## DATASET RECORDS
________________________________________
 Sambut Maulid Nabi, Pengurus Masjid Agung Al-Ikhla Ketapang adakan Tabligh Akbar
________________________________________
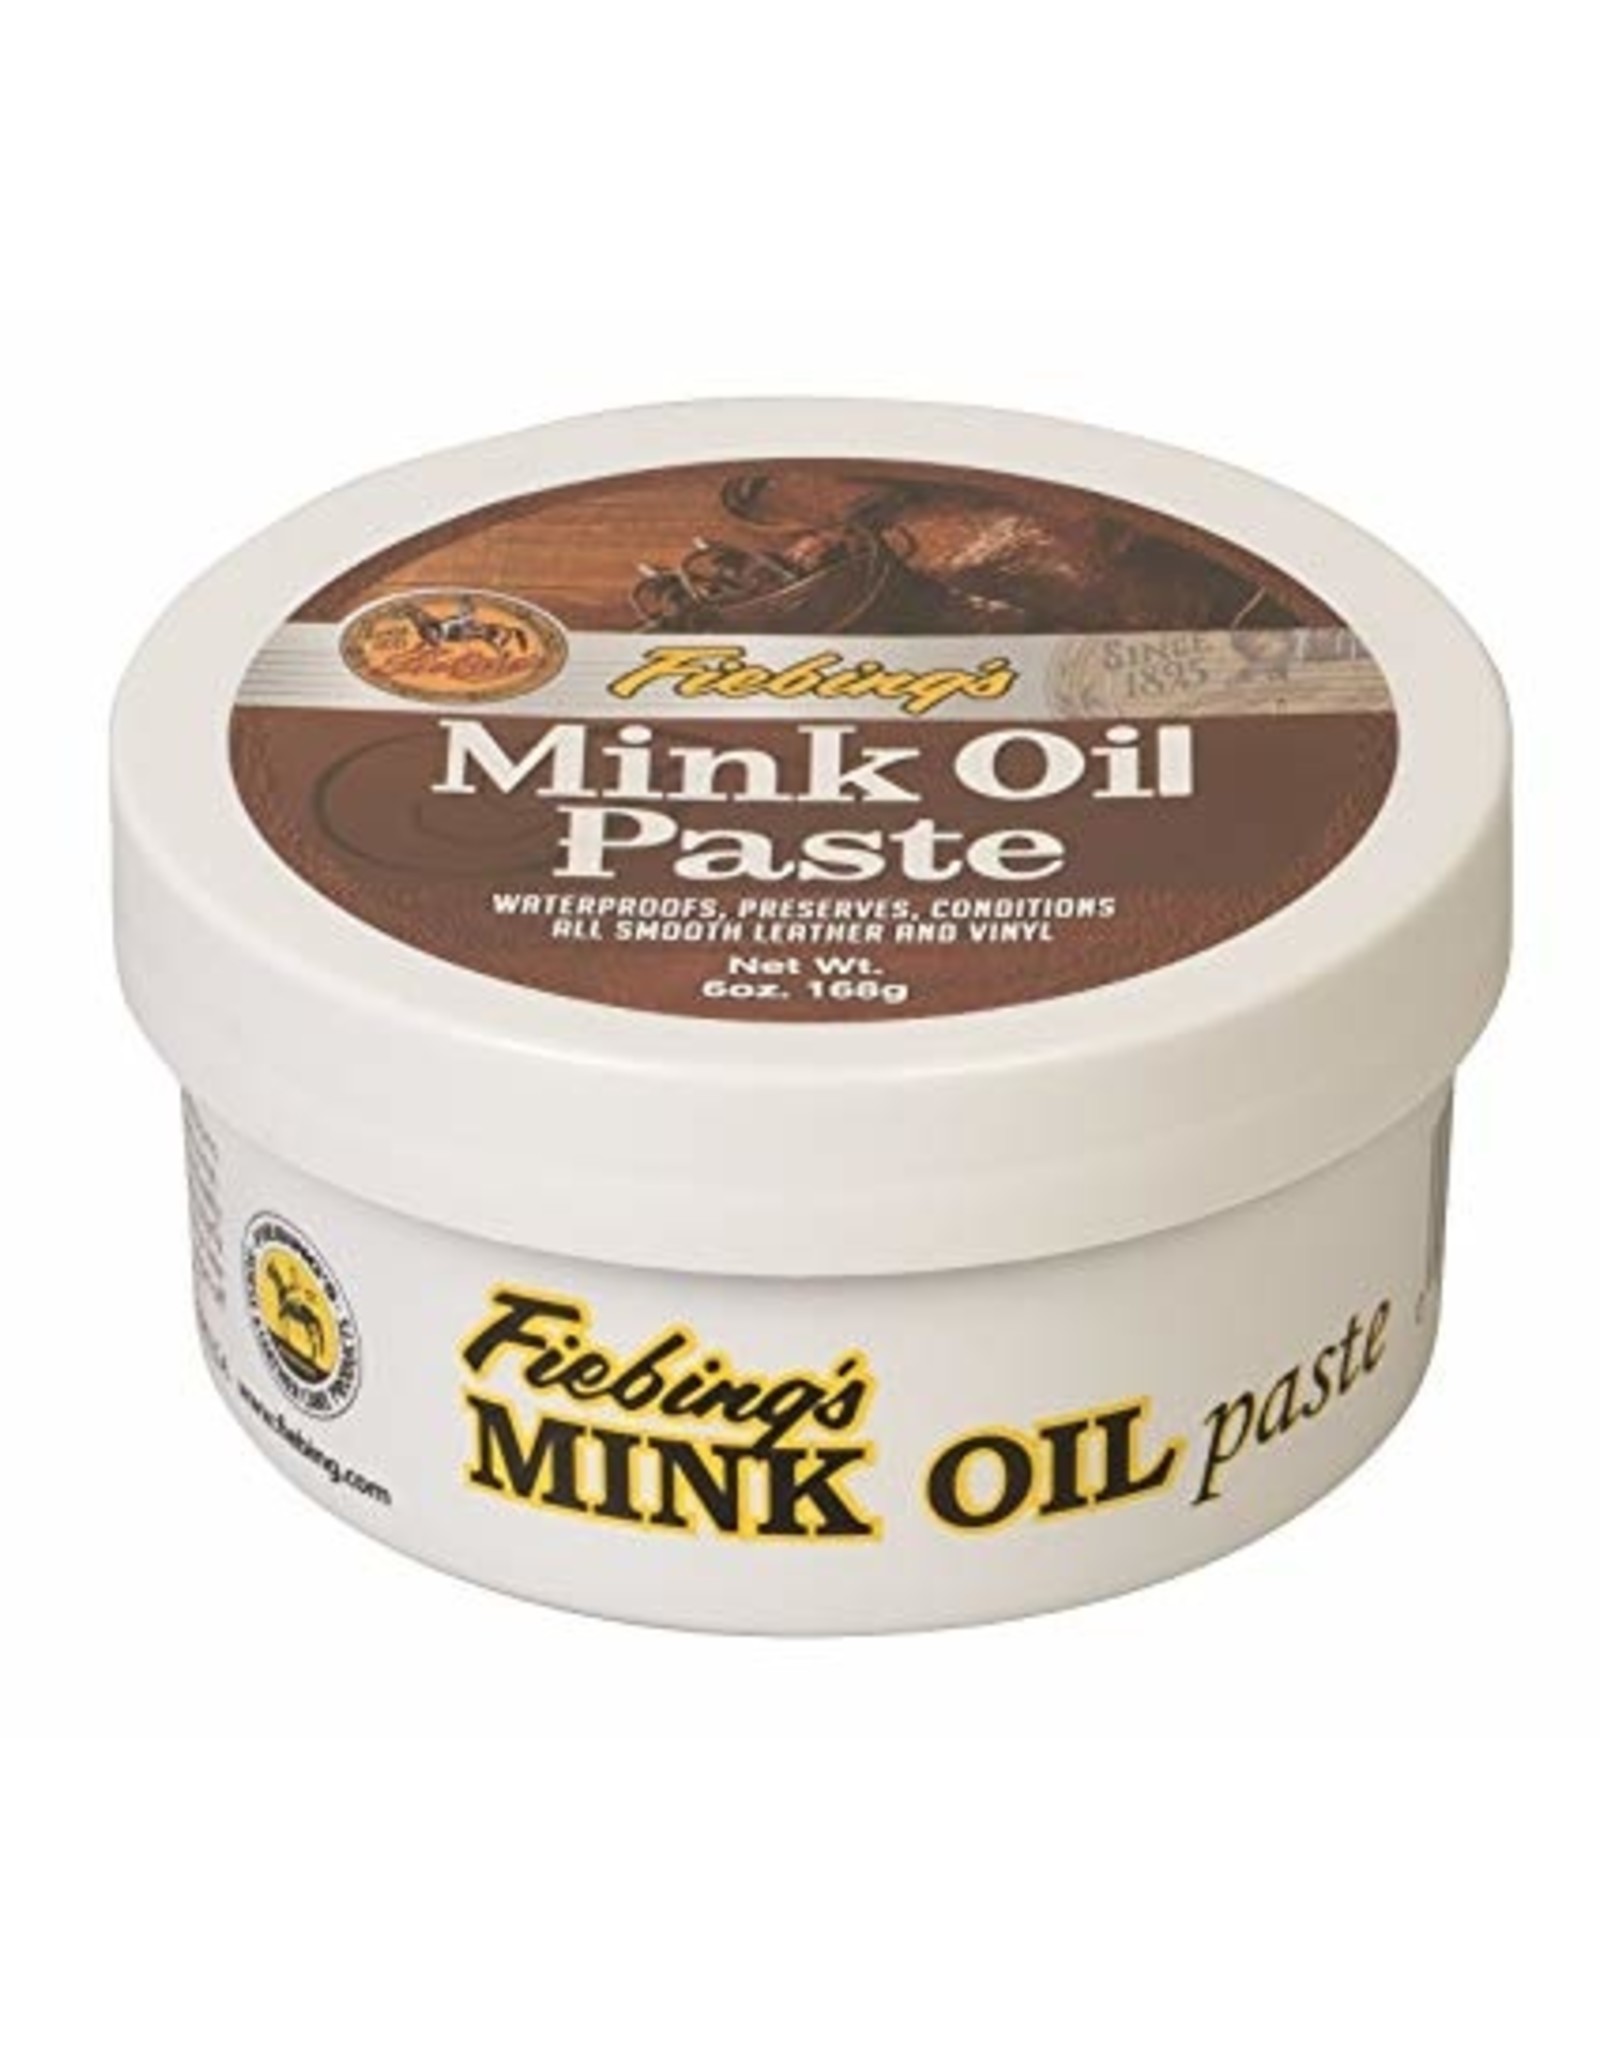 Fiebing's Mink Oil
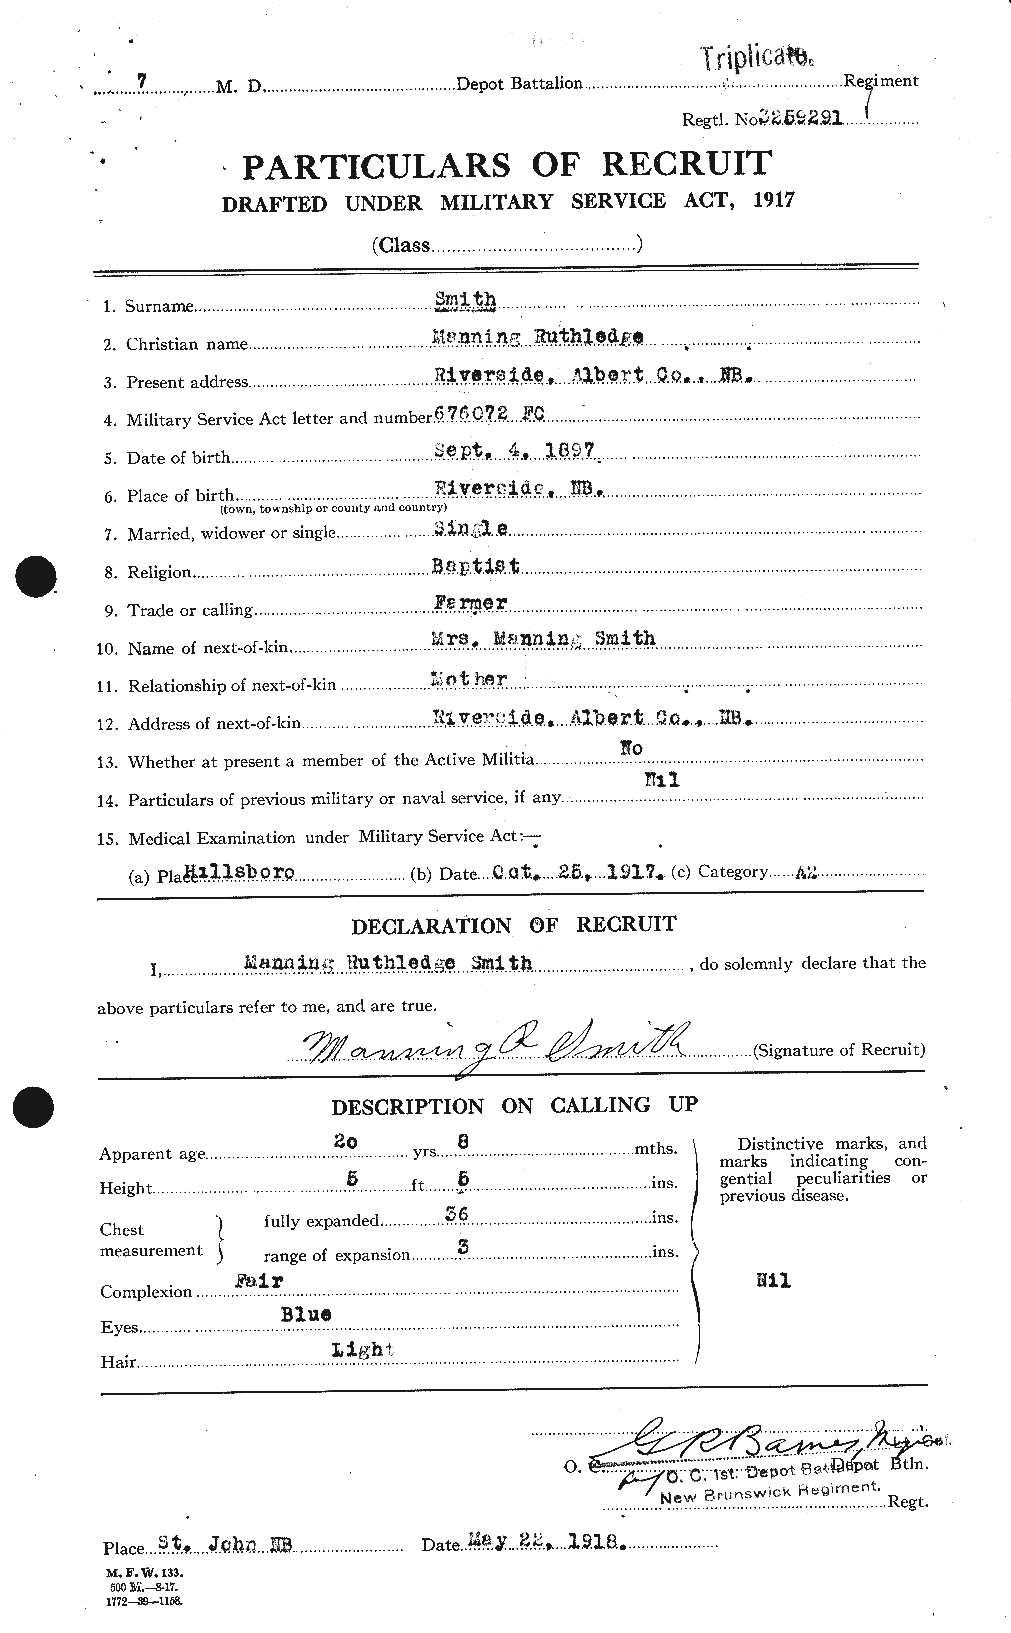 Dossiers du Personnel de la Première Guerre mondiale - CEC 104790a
________________________________________
Return only the part above that opens with the line containing "Fiebing's Mink Oil" and closes with the line containing "Dossiers du Personnel", exactly and with both ends, skipping the pictures.

 Fiebing's Mink Oil
 Dossiers du Personnel de la Première Guerre mondiale - CEC 104790a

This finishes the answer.